Just prior to their metamorphosis into moths, Bombyx mori pupae spin silk fibers to weave their cocoons. In nature, the moth chews his or her way out of the cocoon once the transformation is complete. But in the fabric industry, silk is mass produced through the breeding and domestication of silkworms on what are essentially moth factory farms. When the caterpillars enter the pupa stage of their development, their cocoons are plunged into boiling water. This kills the silkworms and begins to unravel the longer fibers.
Approximately 15 silkworms are killed to produce a single gram of silk. Although it is very occasionally harvested after the moth has broken free, the strands are considerably shorter and the finished product is not commercially viable on a large scale.

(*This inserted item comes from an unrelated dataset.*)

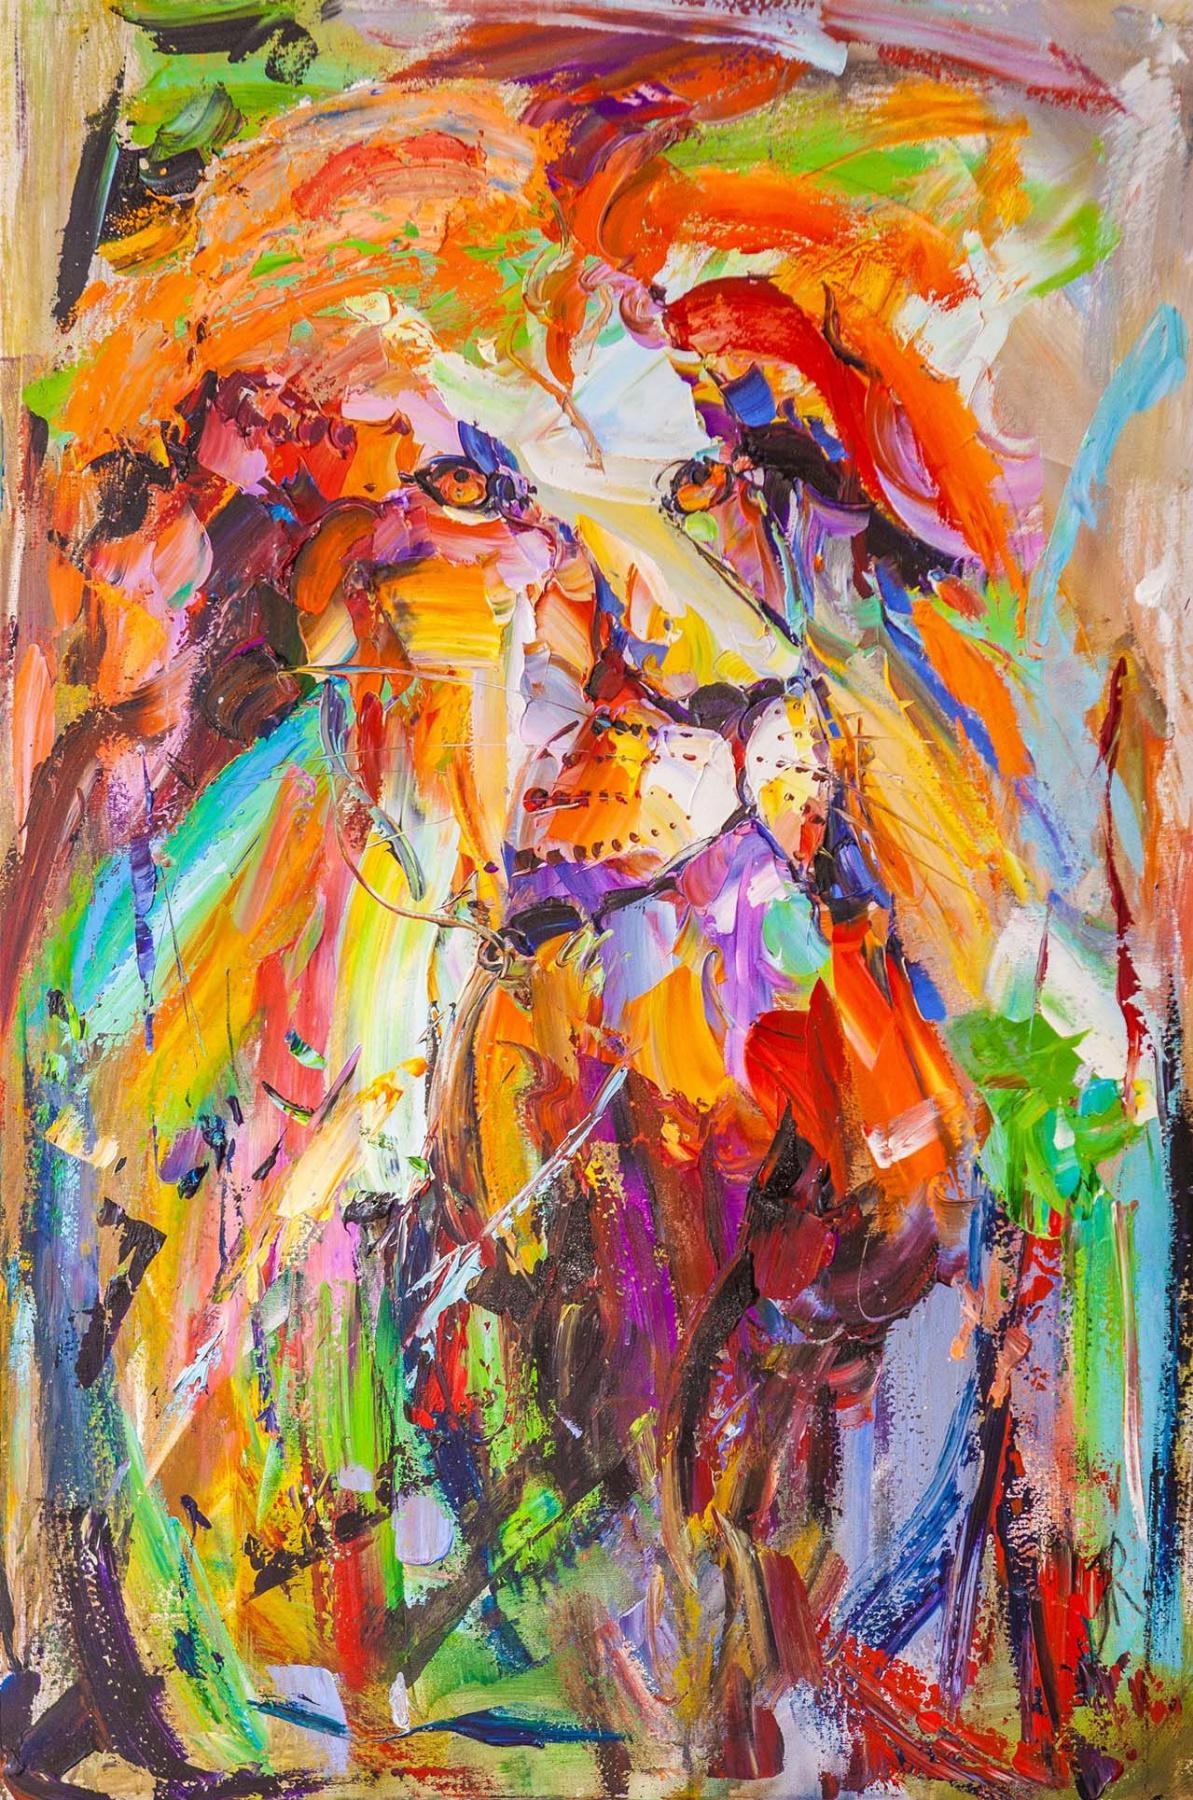 Jose Rodriguez. Lion portrait

There are other methods of producing silk that do not result in the death of the insect; however, there are still ethical issues to be considered. “Ahimsa silk,” for example, is made from the cocoon of the Bombyx mori moth after the moth has chewed through and discarded it. The silkworms used in this method of production are still domesticated and, just like other domesticated farmed animals, are bred for the purposes of production at the cost of their own health and well-being. The adult moths cannot fly because their bodies are too large and the adult males cannot eat due to underdeveloped mouth parts. The same would be true of moths in large commercial operations, but they are killed before reaching adulthood.